WHAT NEEDS TO BE DONE: This task asks for the lines from the one with "Shop Autry Icon Light Blue Sweatshirt" to the final line below, repeated exactly, with pictures omitted.

DATA SEGMENT:

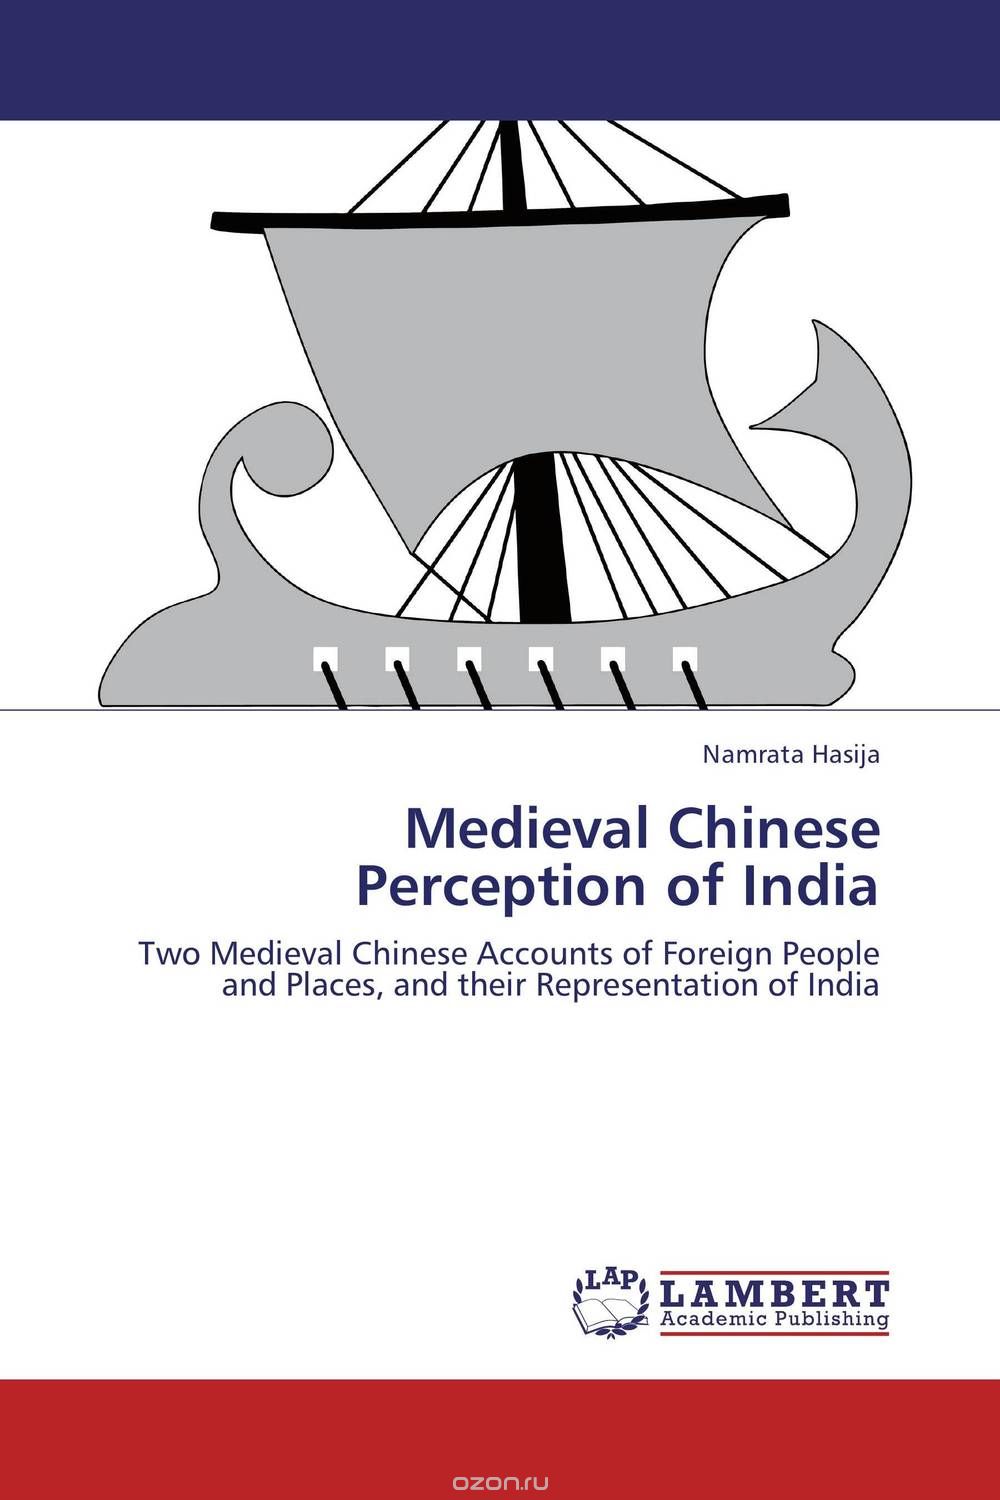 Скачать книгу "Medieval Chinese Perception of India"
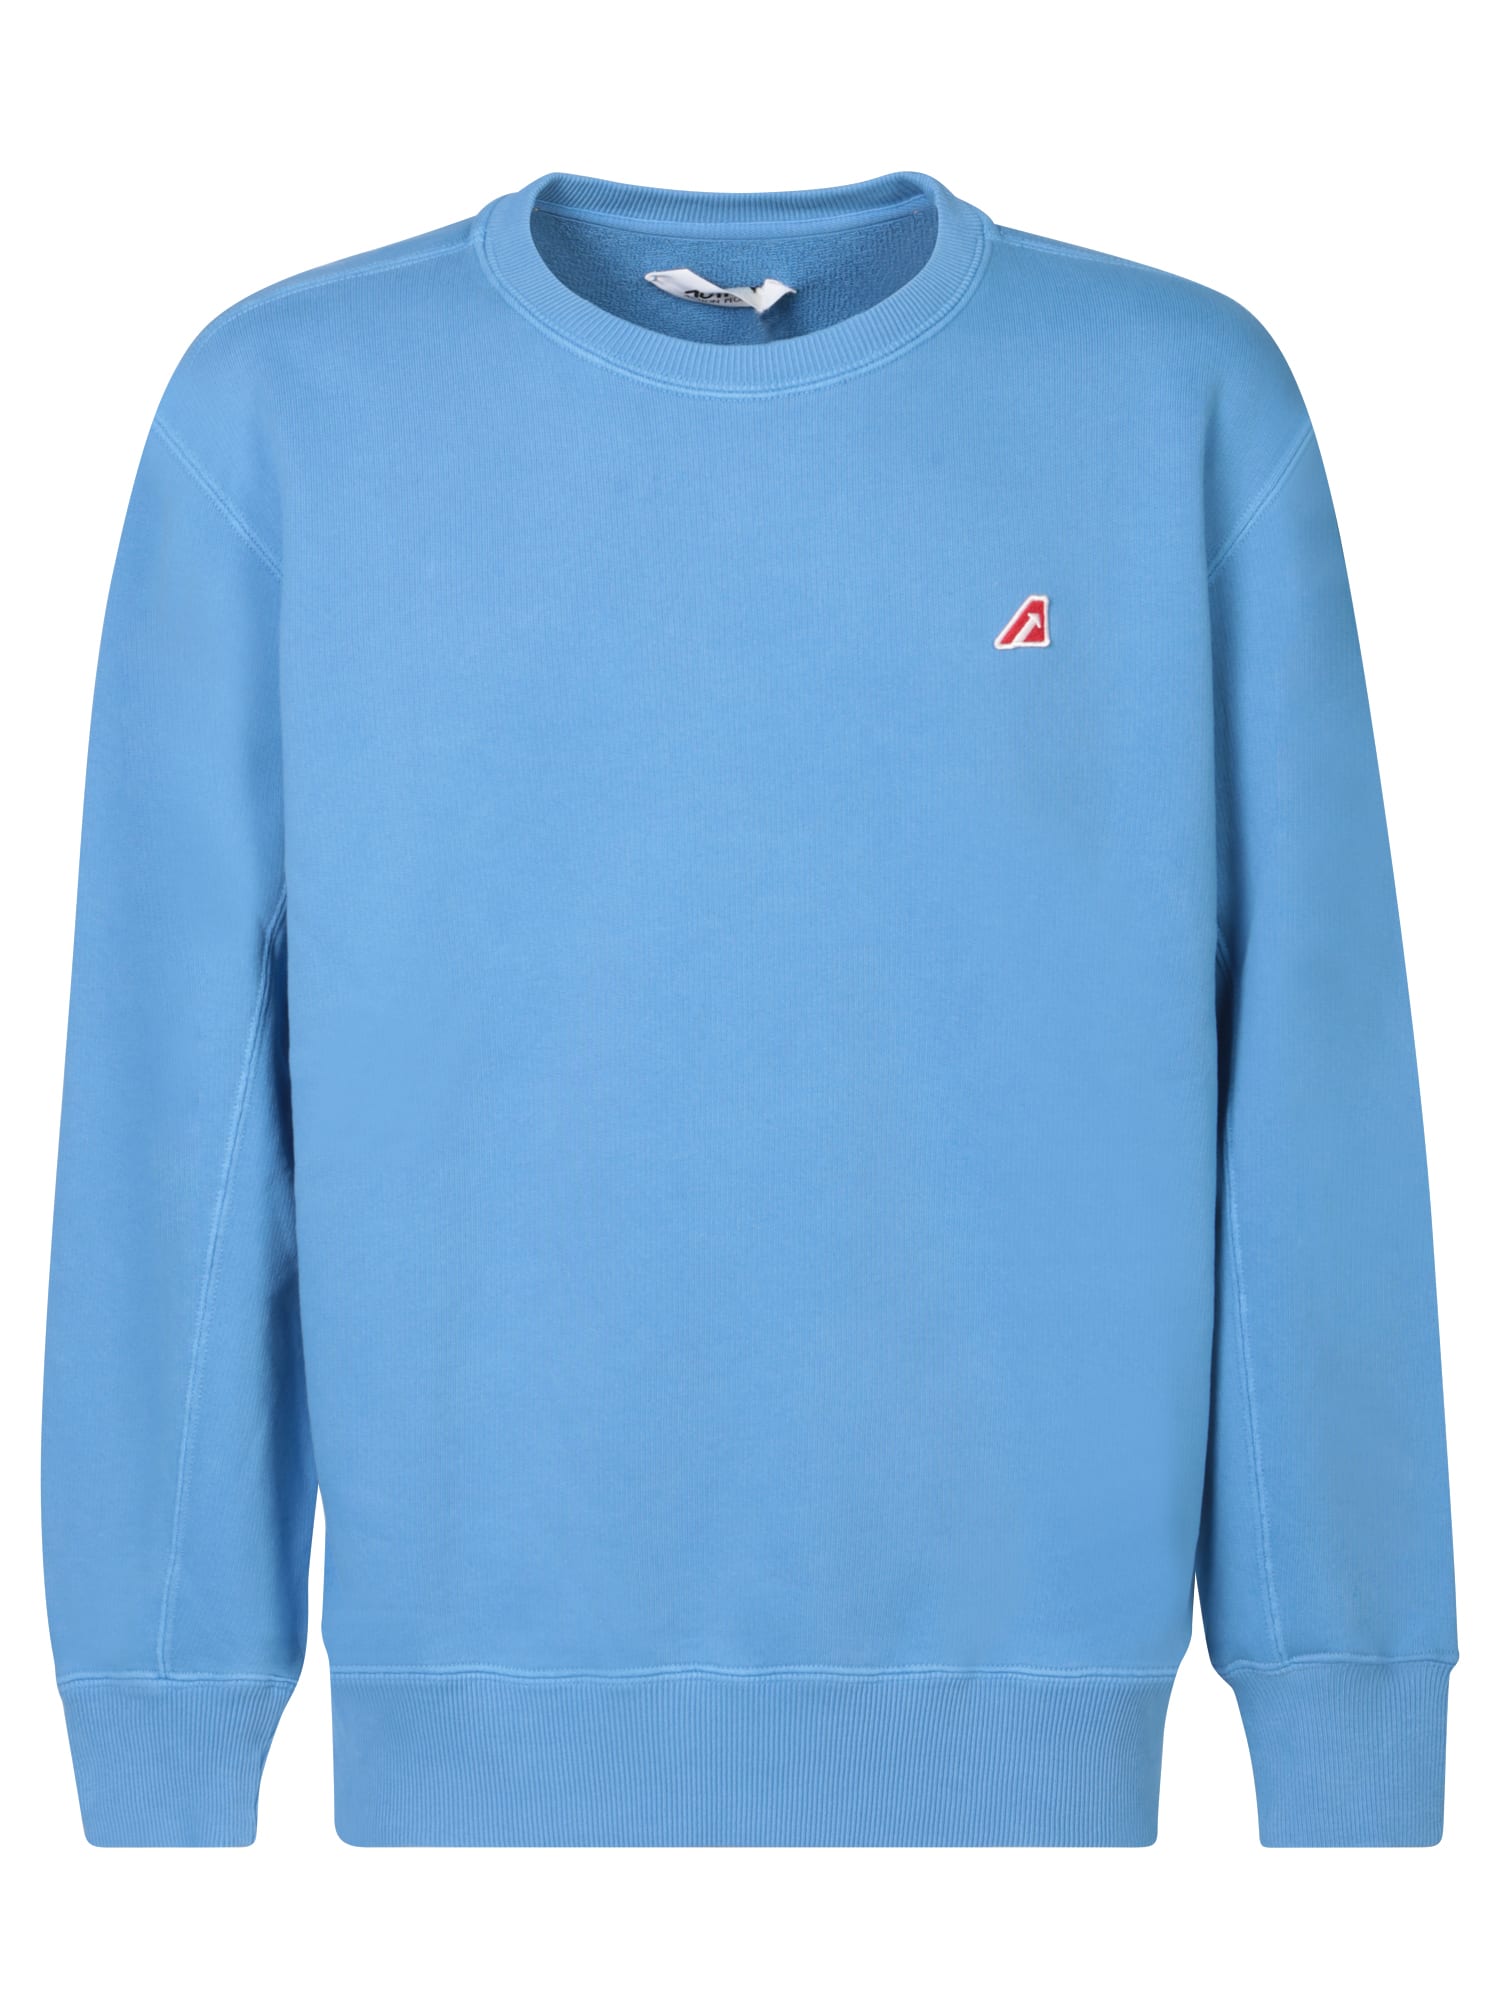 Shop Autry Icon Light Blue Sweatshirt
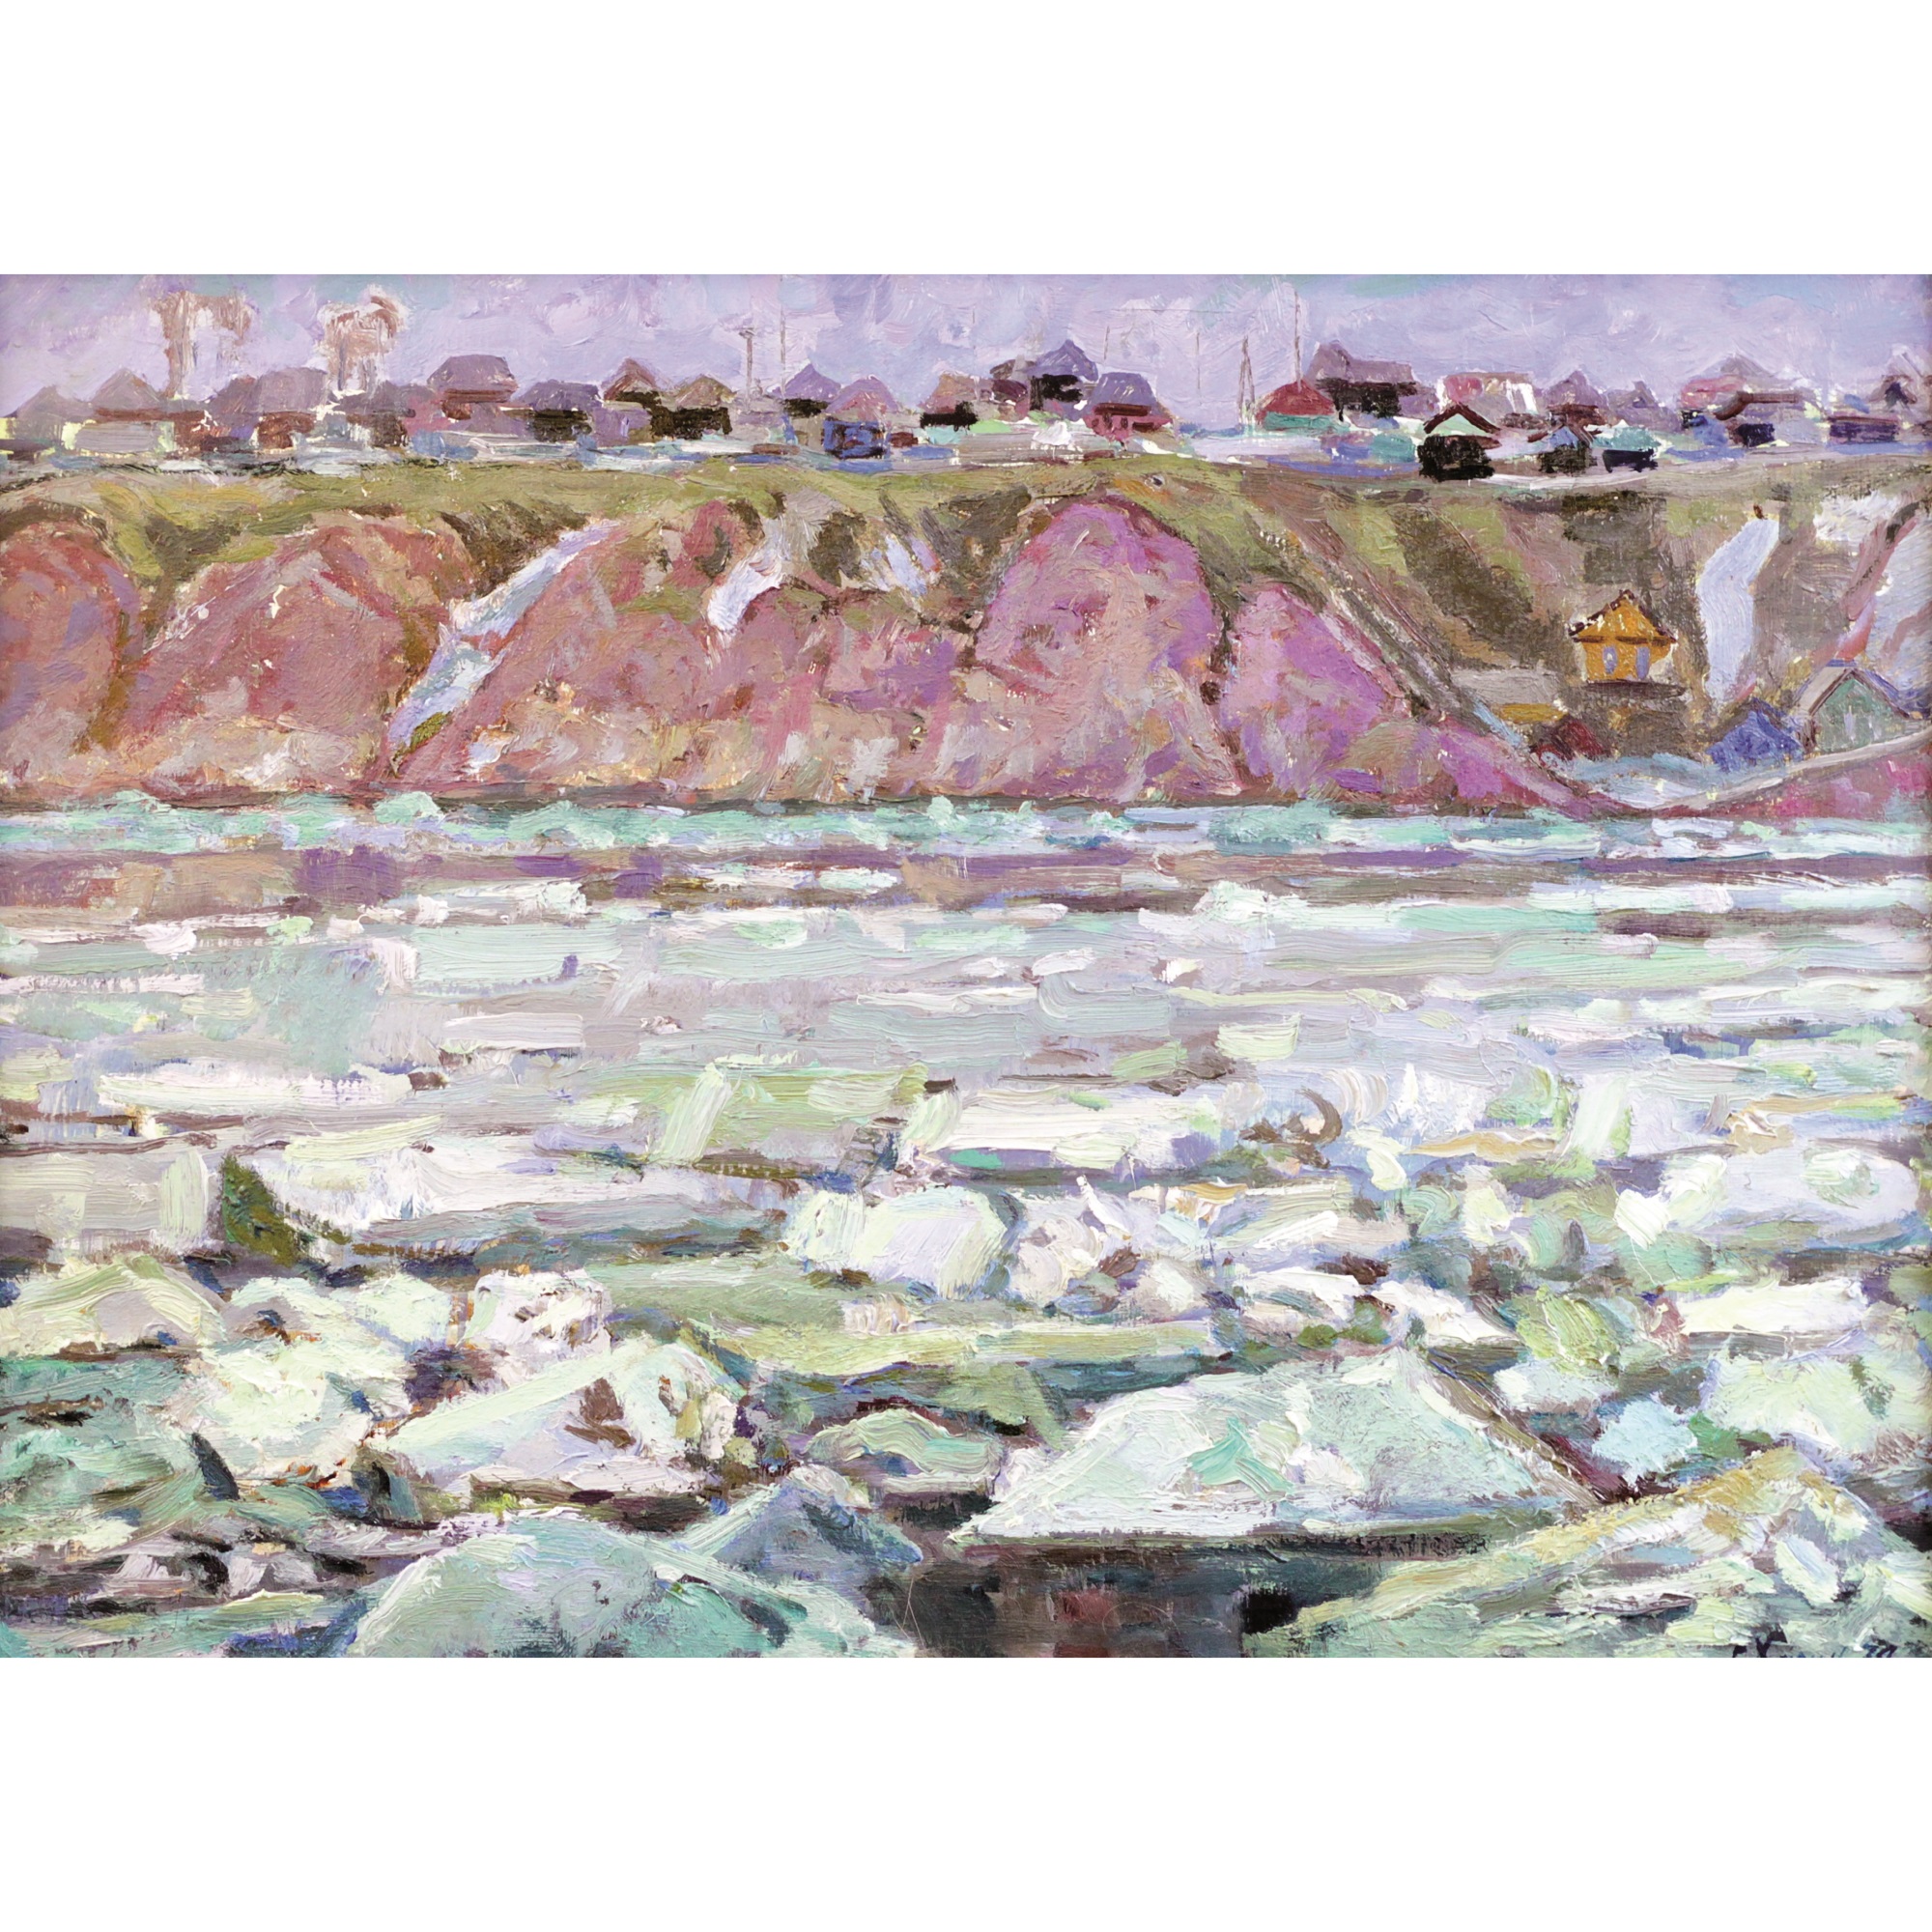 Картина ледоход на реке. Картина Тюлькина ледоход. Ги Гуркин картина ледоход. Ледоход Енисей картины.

RESULT BELOW:
 Shop Autry Icon Light Blue Sweatshirt
 Картина ледоход на реке. Картина Тюлькина ледоход. Ги Гуркин картина ледоход. Ледоход Енисей картины.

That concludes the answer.